Aeneas is a data augmentation approach that aims at handling the between-class problem rooted in the natural of the program test suite. Specifically, Aeneas generAtes synthesized failing test cases from reduced feature sapce.
- OS: Linux
- Python package:
- pandas==0.25.1
- chardet==3.0.4
- numpy==1.16.5
- torch==1.9.0
The structure of the repository is as follows:
calculate_suspiciousness
|____CalculateSuspiciousness.py :calculate suspiciousness of each statement and give the MFR rank or MAR rank according to the real fault line.
data
|____d4j :Defects4J dataset
|____manybugs :MangBugs dataset
|____sir :SIR dataset
|____motivation :artificial dataset
data_process
|____data_systhesis :data synthesis approaches
| |____CVAE_model.py
| |____cvae_synthesis.py
| |____resampling.py
| |____smote.py
|____data_undersampling :undersampling approaches
| |____undersampling.py
|____dimensional_reduction :feature selection
| |____PCA.py
metrics : SFL and DLFL metrics
|____calc_corr.py
|____dl_metrics.py
|____metrics.py
pipeline
|____Pipeline.py : load different type of data, process data and calculate suspiciousness task
read_data : load data according to args
|____DataLoader.py
|____Defects4JDataLoader.py
|____ManyBugsDataLoader.py
|____SIRDataLoader.py
results : store the results in txt format
utils : some utils during pipeline
|____args_util.py
|____file_util.py
|____read_util.py
|____write_util.py
run.py : program entry
To run the program, commandline parameters are needed.
**required arguments: **
name | meaning | value |
---|---|---|
-d | dataset | "d4j", "manybugs","SIR" |
-p | program | "Chart", "Closure", "Time", "Lang", ... |
-i | bug_id | "1", "2", ... |
-m | method | "dstar", "ochiai", "barinel", "MLP-FL", ... |
-e | experiment | "origin", "resampling", "undersampling", ... |
optional arguments:
name | meaning | value |
---|---|---|
-cp | component percentage | [0, 1] |
-ep | eigenvalue percentage | [0, 1] |
To show how to run the program, we give the examples of "illustrative example" in our paper.
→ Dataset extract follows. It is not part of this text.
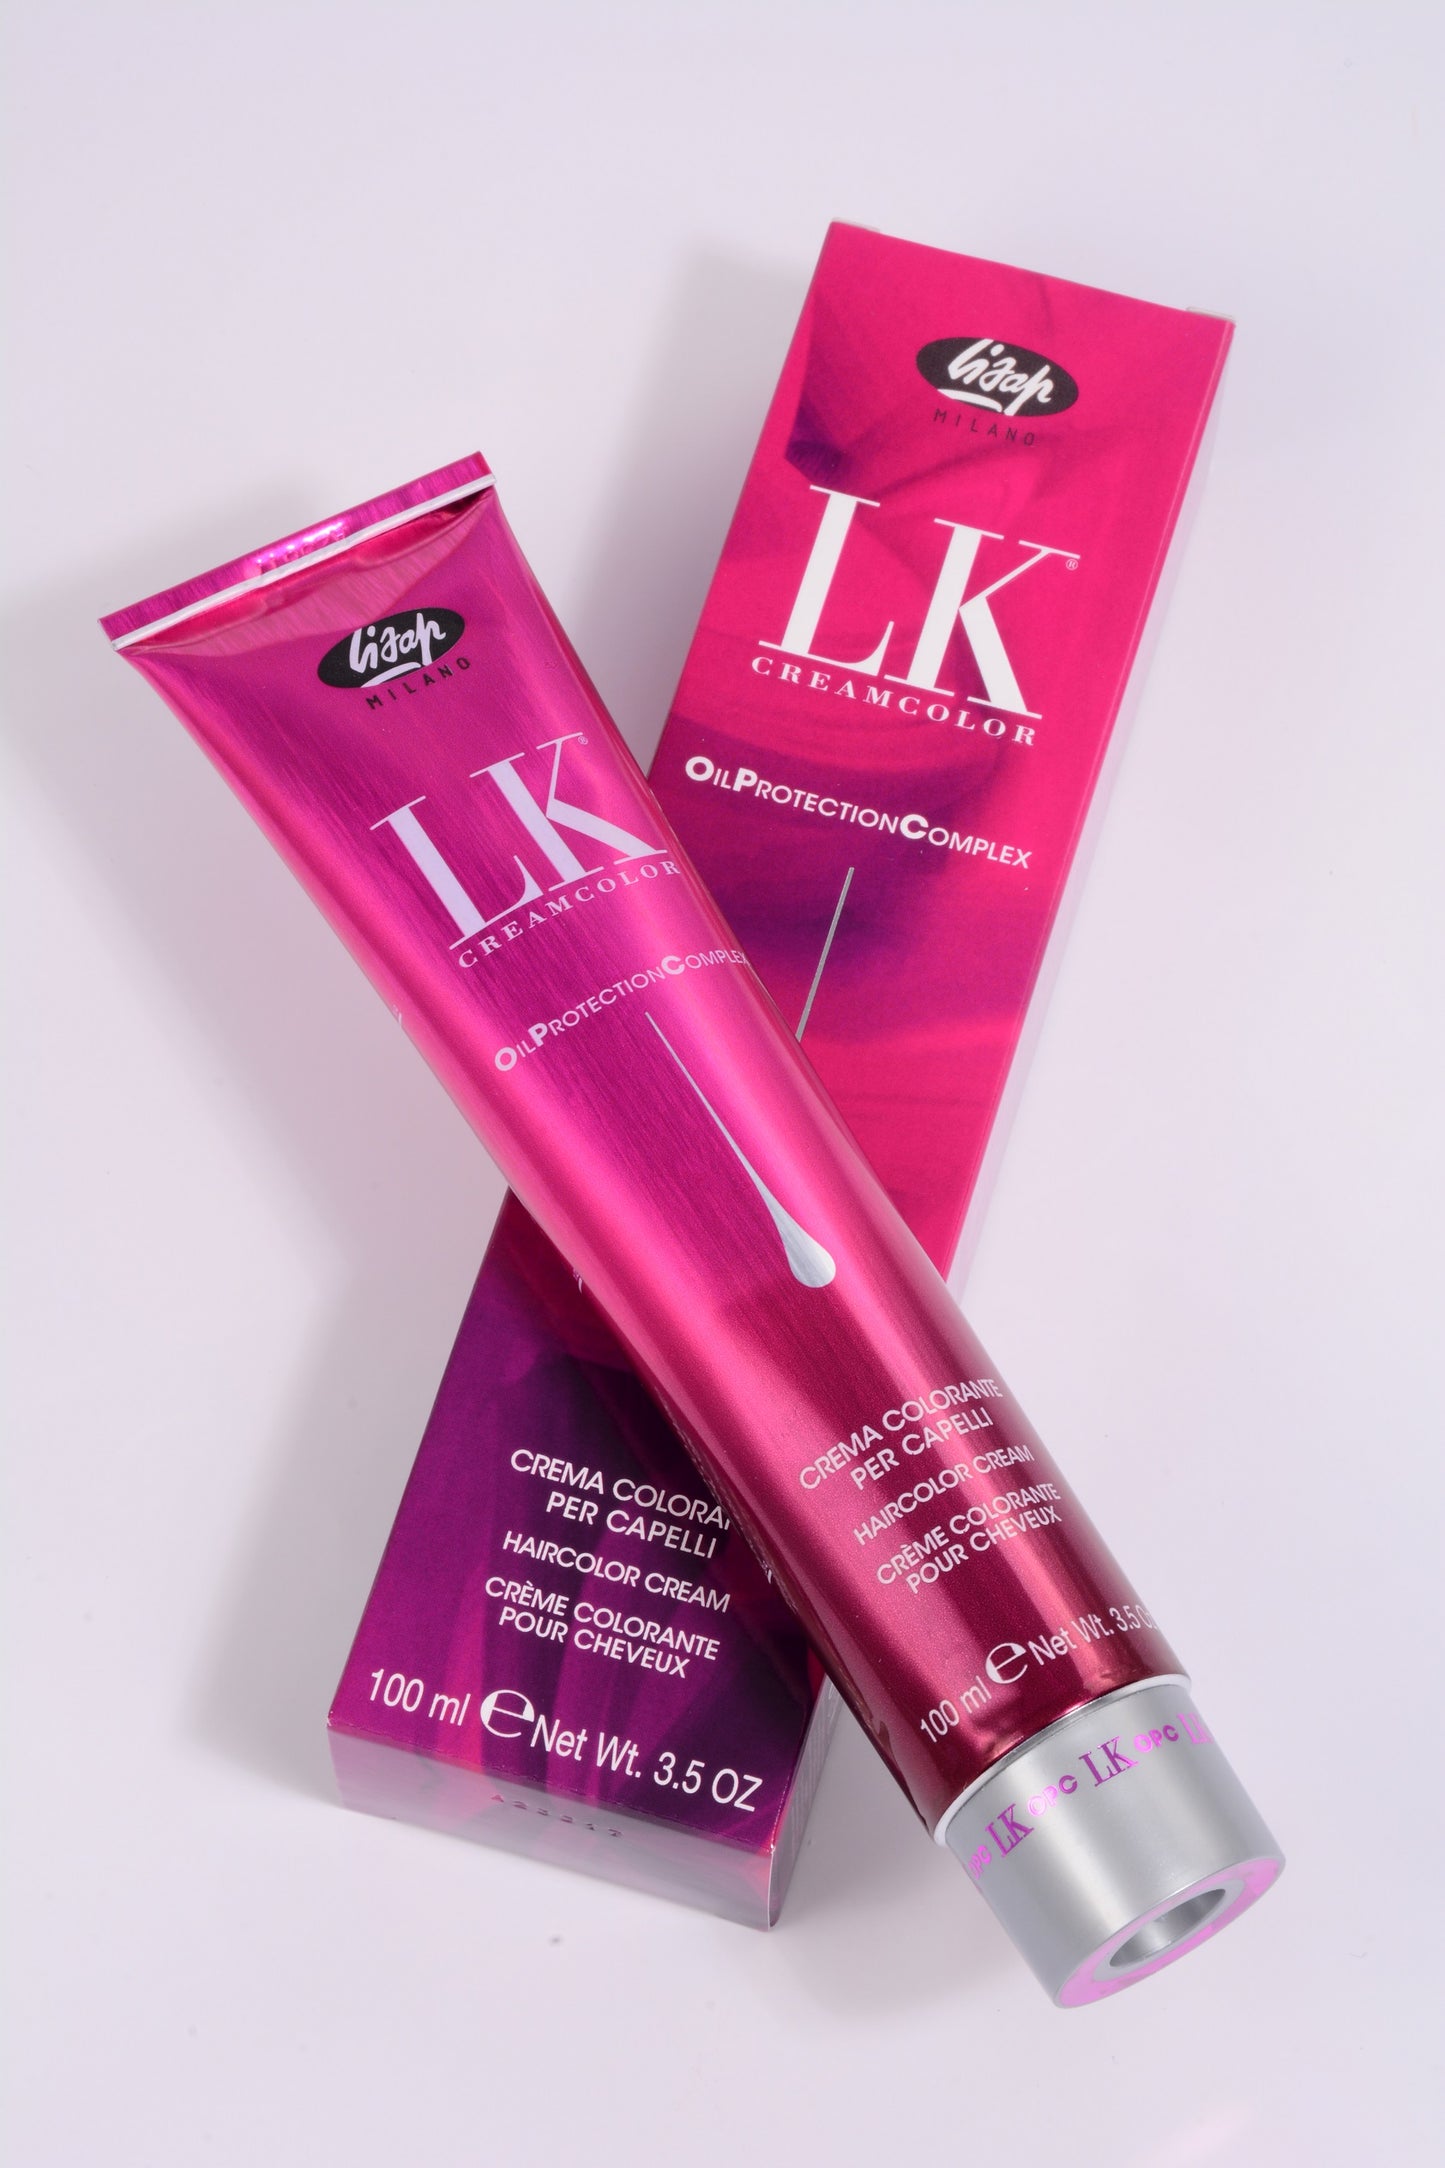 LK Creamcolor 4/2 Oil Protection Complex

run.py -d manybugs -p motivation -i artificial_bug -m GP02 -e origin
After the program end, the MAR rank as the following format will store in result
folder.
motivation-artificial_bug GP02 12
motivation-artifiial_bug
is the program with bug_id, GP02
is the fault localization method and 12
is the final rank that locate the first bug of the program by using the method.
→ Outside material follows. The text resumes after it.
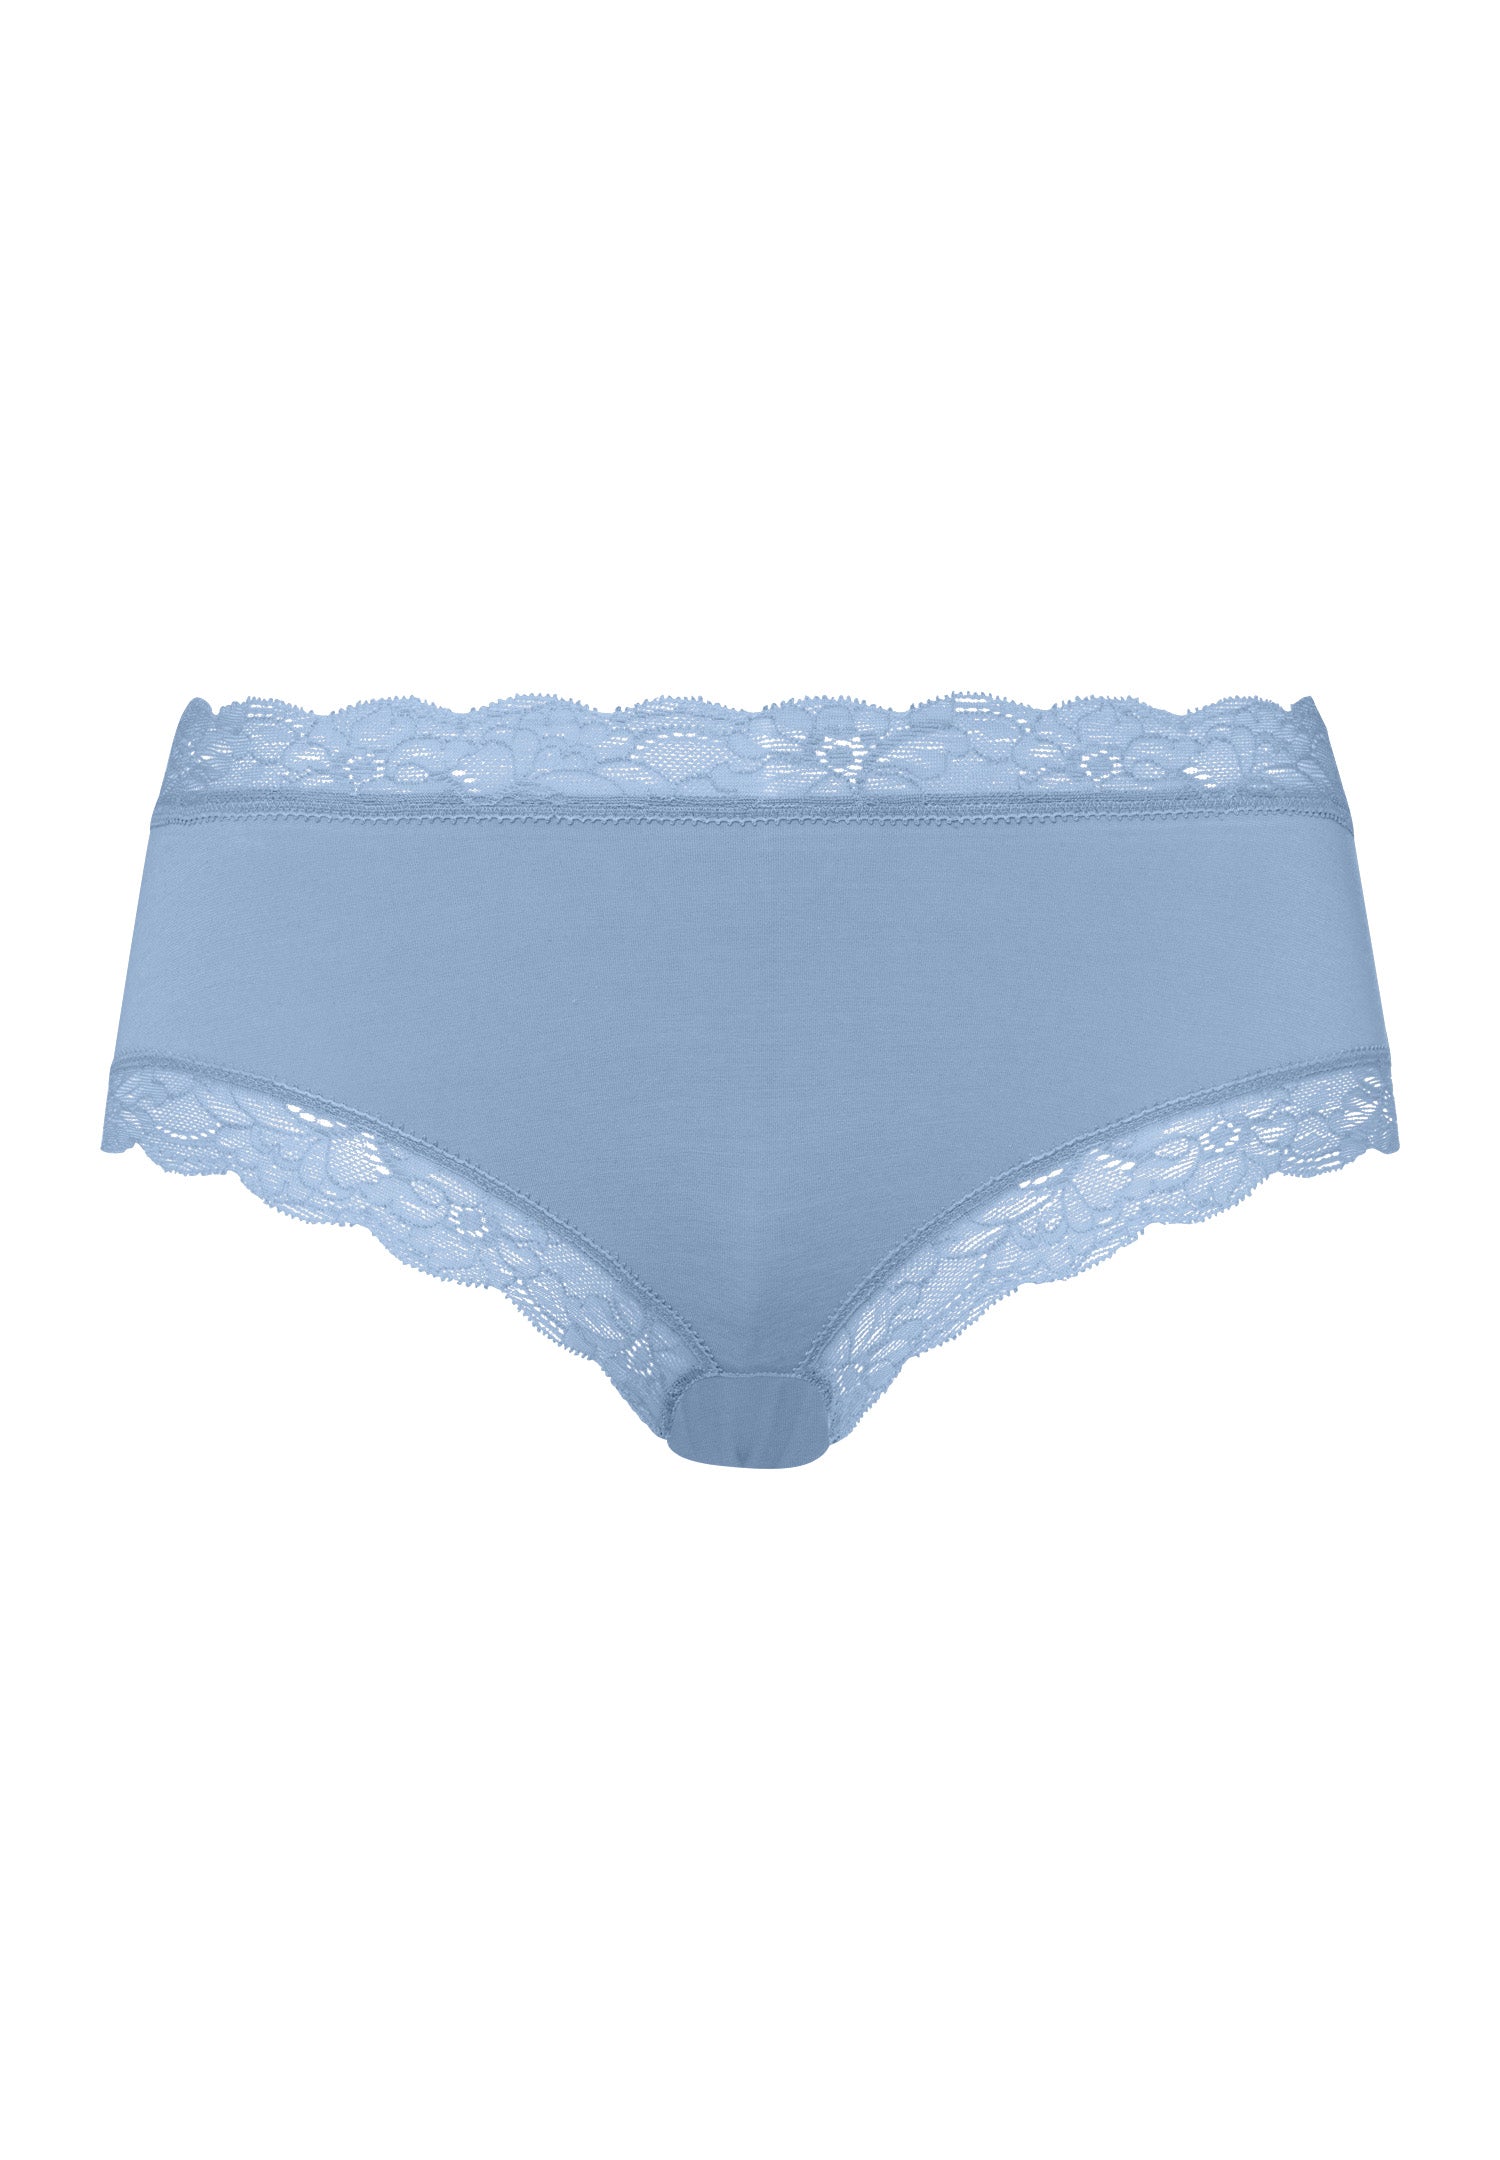 72438 Cotton Lace Hipster - 1592 Blue Moon

run.py -d manybugs -p motivation -i artificial_bug -m GP02 -e resampling
motivation-artificial_bug GP02 7
run.py -d manybugs -p motivation -i artificial_bug -m GP02 -e undersampling
motivation-artificial_bug GP02 7
run.py -d manybugs -p motivation -i artificial_bug -m GP02 -e undersampling
motivation-artificial_bug GP02 7
run.py -d manybugs -p motivation -i artificial_bug -m GP02 -e fs -cp 0.75 -ep 0.75
motivation-artificial_bug GP02 9
run.py -d manybugs -p motivation -i artificial_bug -m GP02 -e fs_cvae -cp 0.75 -ep 0.75
motivation-artificial_bug GP02 5
The results of Aeneas may be sightly different because we use the neural network in Aeneas.